SEOUL, Oct. 8 (Korea Bizwire) — South Koreans are less supportive of unification with North Korea than last year, a survey showed Tuesday, amid the protracted impasse in inter-Korean relations and denuclearization negotiations.
According to the survey of 1,200 adults commissioned by the Institute for Peace and Unification Studies (IPUS) at Seoul National University, 53 percent responded that unification is necessary, down from last year’s 59.8 percent.
The number of those opposed to unification rose 4.4 percentage points to 20.5 percent, the survey showed.
The survey, conducted by Gallup Korea from July 1-26, has a margin of error of plus or minus 2.8 percentage points.
The percentage of people who see North Korea as a counterpart for dialogue and compromise fell to 51.6 percent from last year’s 54.7 percent.
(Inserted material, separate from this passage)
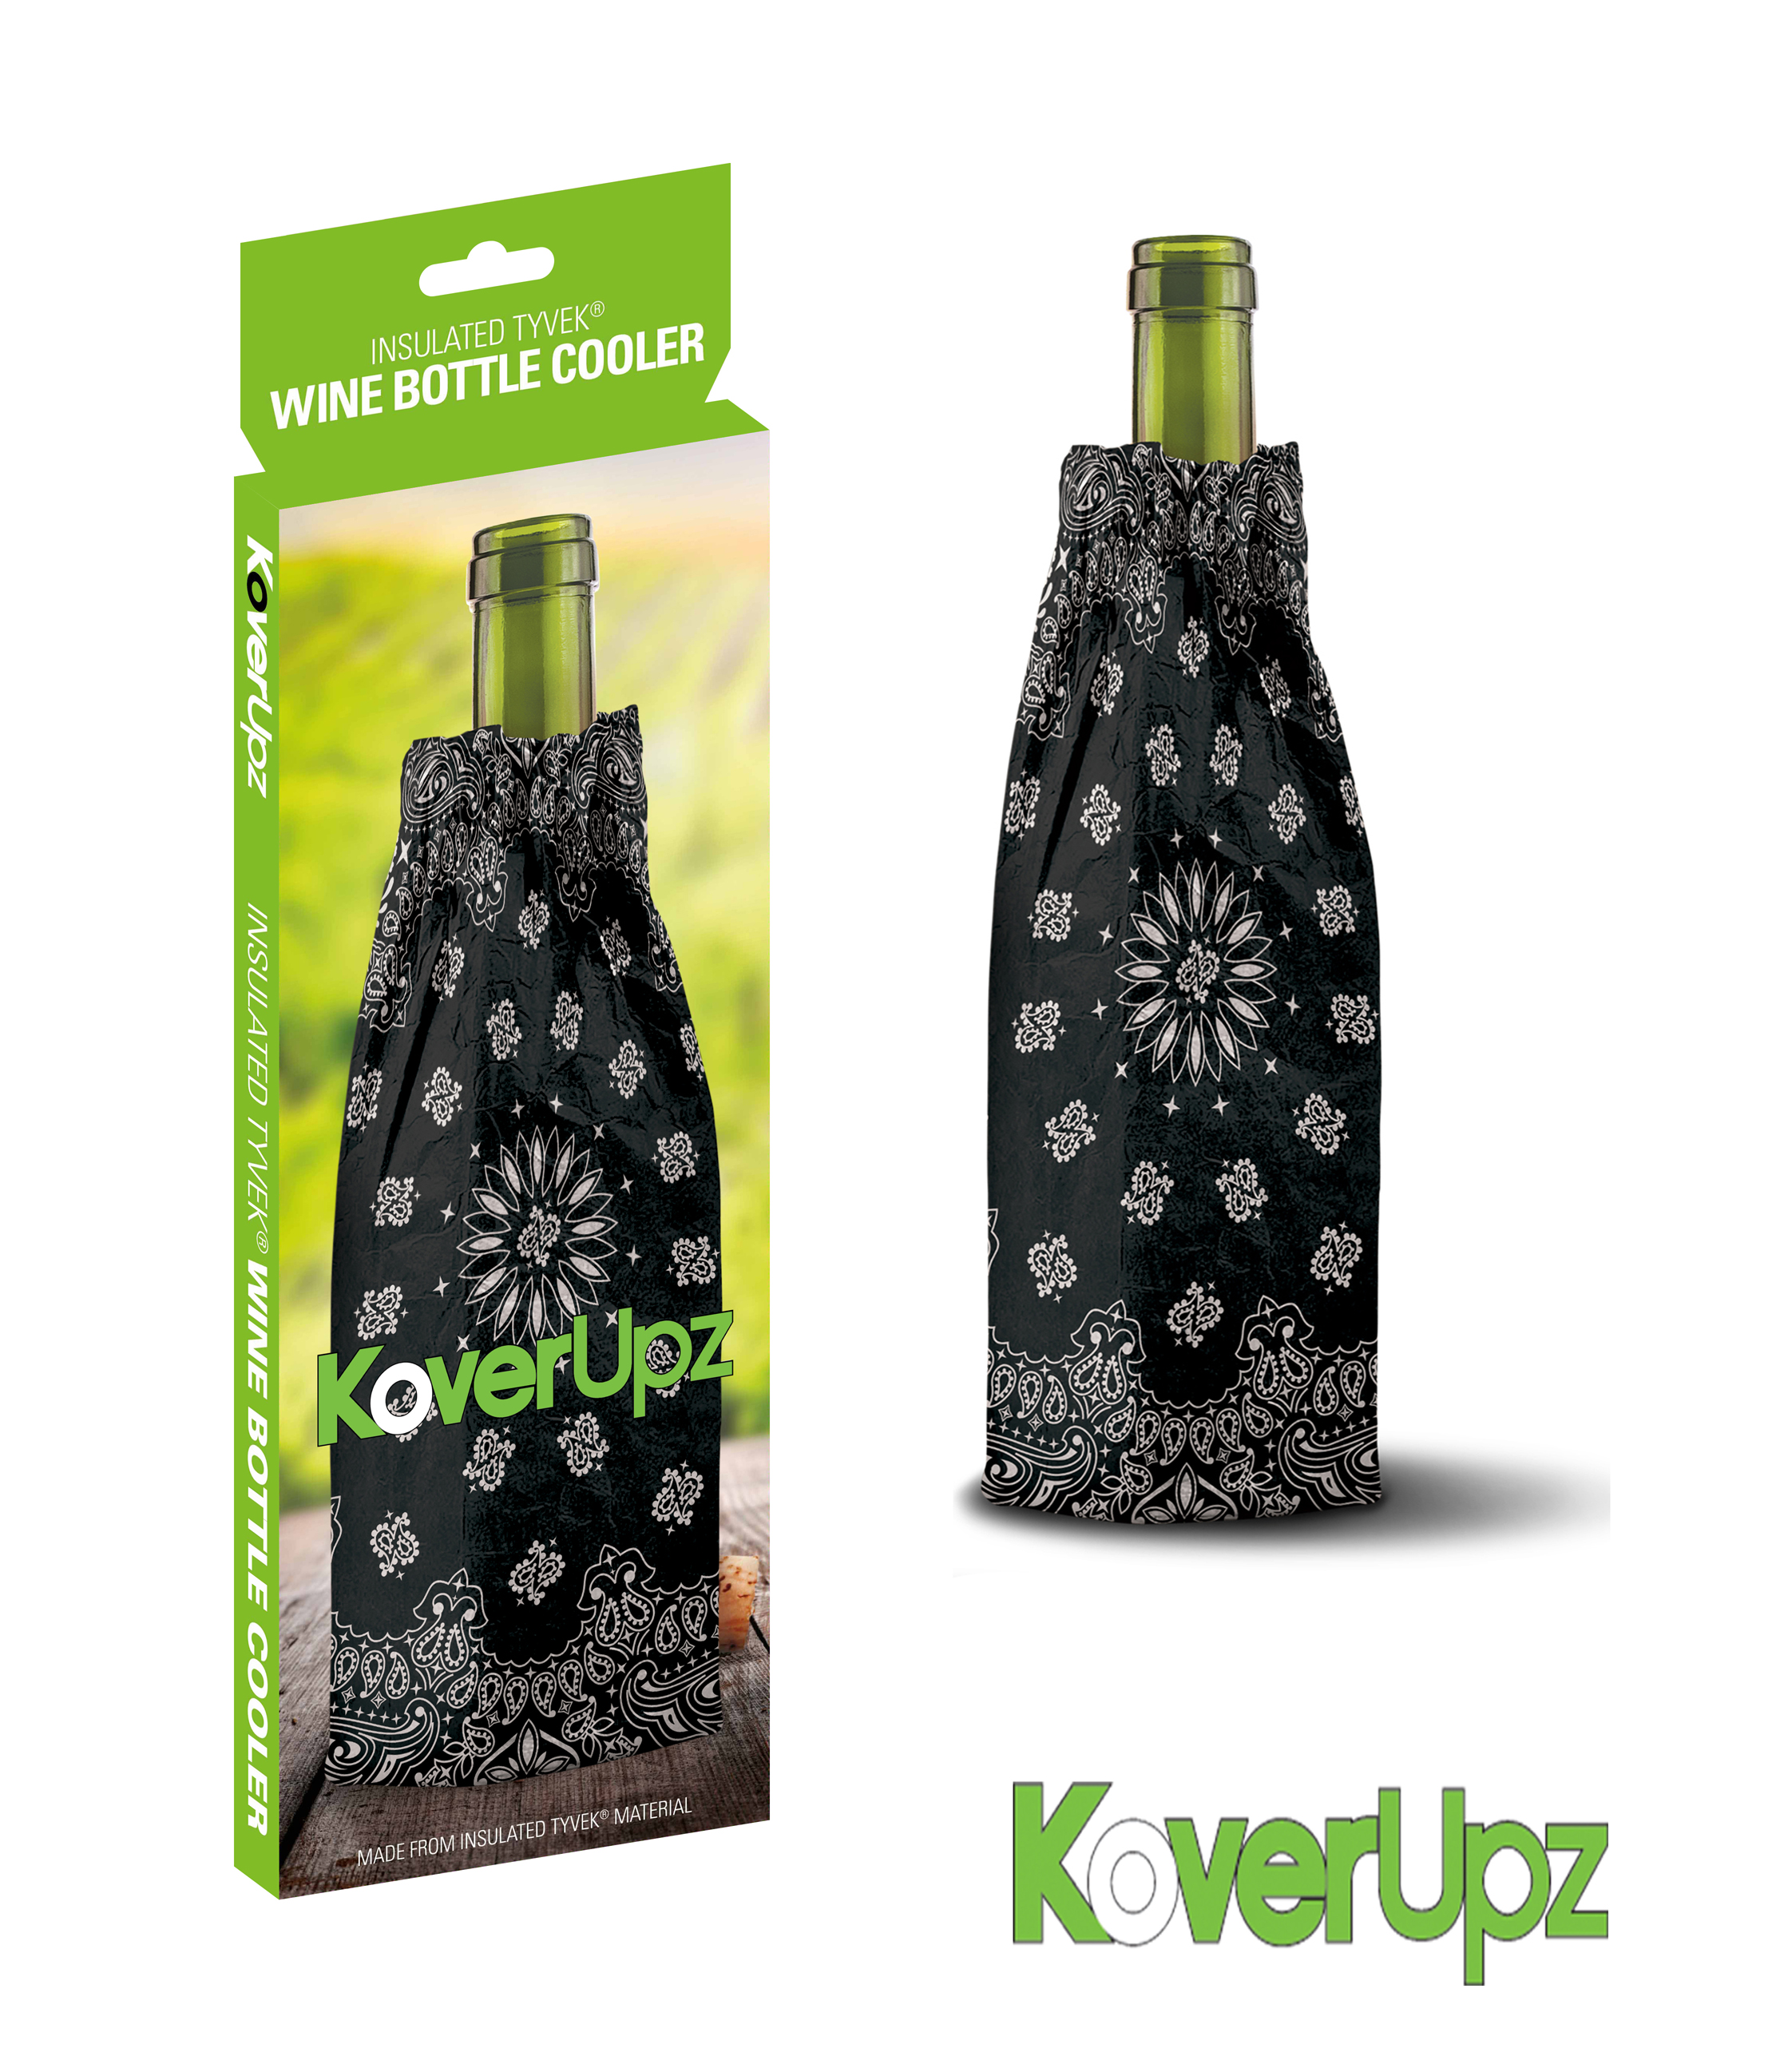 Bandana KoverUpz Insulated Wine Bottle/40oz Bottle Cooler
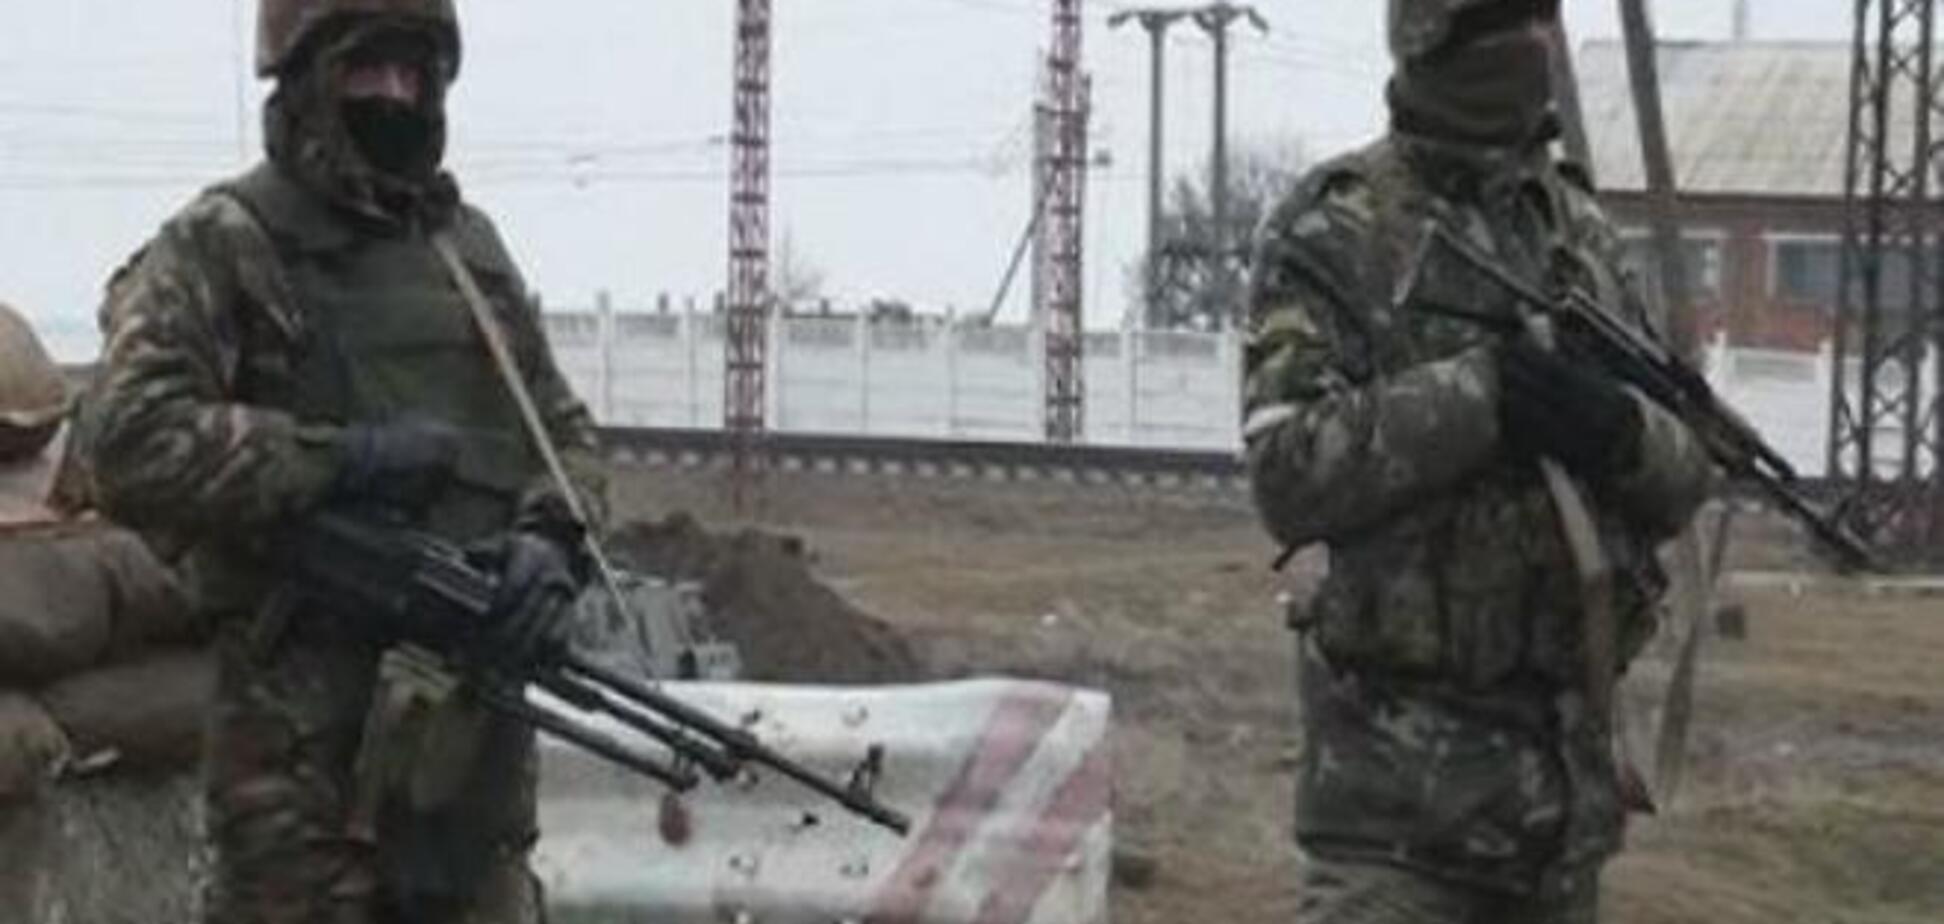 Сепаратисты, блокирующие воинские части на Донетчине, устали и халтурят - источник

Those supporting President Moon Jae-in’s policy on North Korea also dropped to 55.9 percent, from last year’s record high of 65.6 percent.
These results suggest that South Koreans have grown wary of unification as the nuclear negotiations came to a deadlock this year, experts said.
The survey revealed that 28.3 percent consider Japan a threat, the highest level in a decade, as relations between the two neighbors have frayed seriously after Japan took retaliatory measures for South Korean Supreme Court’s rulings on wartime forced labor.
The survey also showed for the second consecutive year that South Koreans saw China, not North Korea, as the biggest threat to the Korean peninsula.
Only 30.8 percent of the respondents perceived North Korea as a threat, the lowest figure since 2007.
Conducted annually since it began in 2007, the IPUS survey serves as a marker of public opinion on how South Koreans perceive unification and policy toward North Korea.